The owner can also call VCG.open( ) to instruct newly joined receiver node, receiver 2, to open the VCG. In response, receiver 2 creates the VCG at the receiver 2 node and creates a local ITQ. Receiver 2 then calls VCG.open_ack( ) to send an acknowledgment to the owner that the VCG and ITQ have been opened. The owner calls VCG.notify_sender( ) to send a notification identifying receiver 2 to all senders.

Turning to FIG. 16B, the owner can call VCG.send( ) to send work to the new receiver, receiver 2. When all work has been sent, the owner calls VCG.close( ) to instruct all receivers to close the ITQ. In the depicted example, receiver 2 calls VCG.send_ack( ) to send an acknowledgment to the owner to acknowledge receiving the work. As mentioned above, the owner can close the ITQ once all work has been submitted. The receiver can acknowledge receiving the work after the owner has called VCG.close( ).

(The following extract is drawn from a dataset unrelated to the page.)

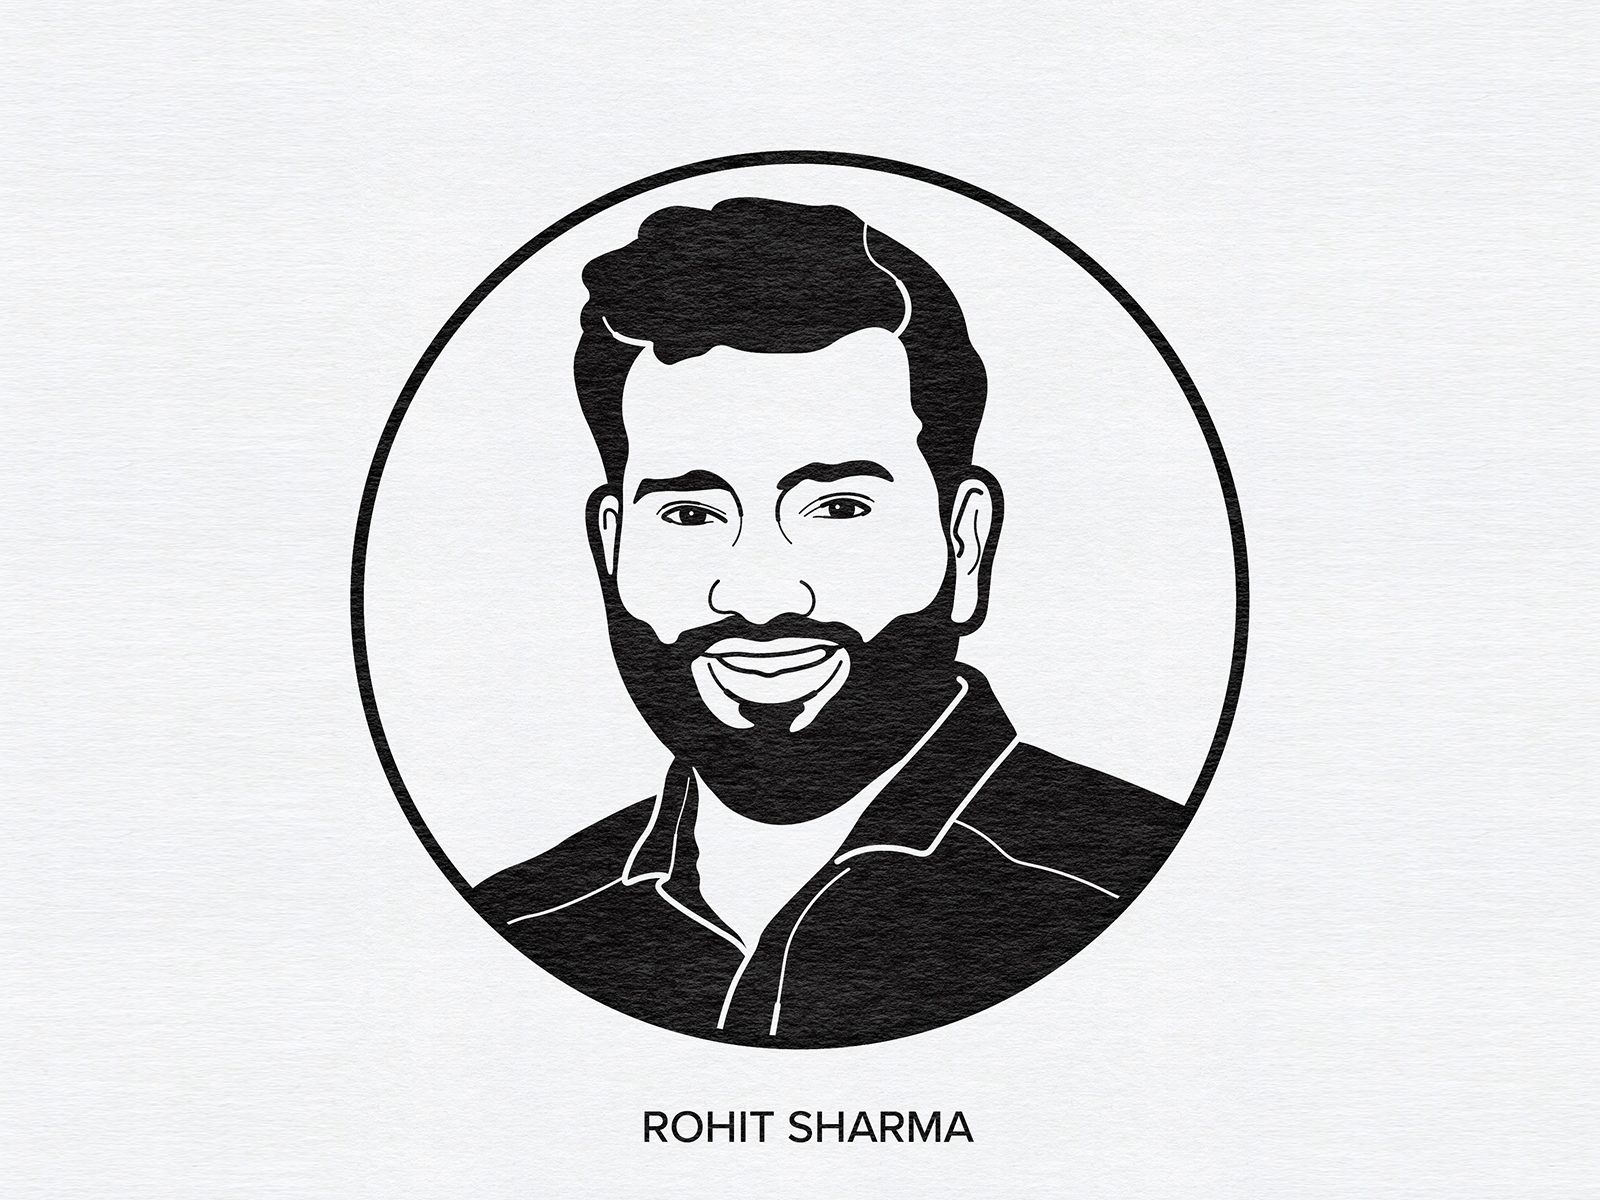 Rohit Sharma's Sketch By His Fan Receives Immense Appreciation

After all uTask execution is done and VCG.close( ) is received, receiver 1 and receiver 2 destroy their local ITQs and call VCG.finished( ) to notify the owner specified at ITQ creation time that all work has been done. After all expected VCG.finished( ) calls have been received at the owner, the owner can perform after-close operations.

NUMA-Aware

Tasks are submitted with an optional non-uniform memory access (NUMA) hint. There are three options for NUMA hints:

- No hint: any thread may execute the Task.
- Soft hint (default): threads on a specified NUMA have higher priority; however, idle threads on other nodes may pick it up.
- Hard hint: execution only by threads of the specified NUMA.
  The NUMA hint of the task is automatically added during compute-offload compilation and is originated from the data item, either the input, such as IMCU, or the intermediate data structure, such as KV table. Memory is allocated on local NUMA by default, and the memory pool is also NUMA-aware.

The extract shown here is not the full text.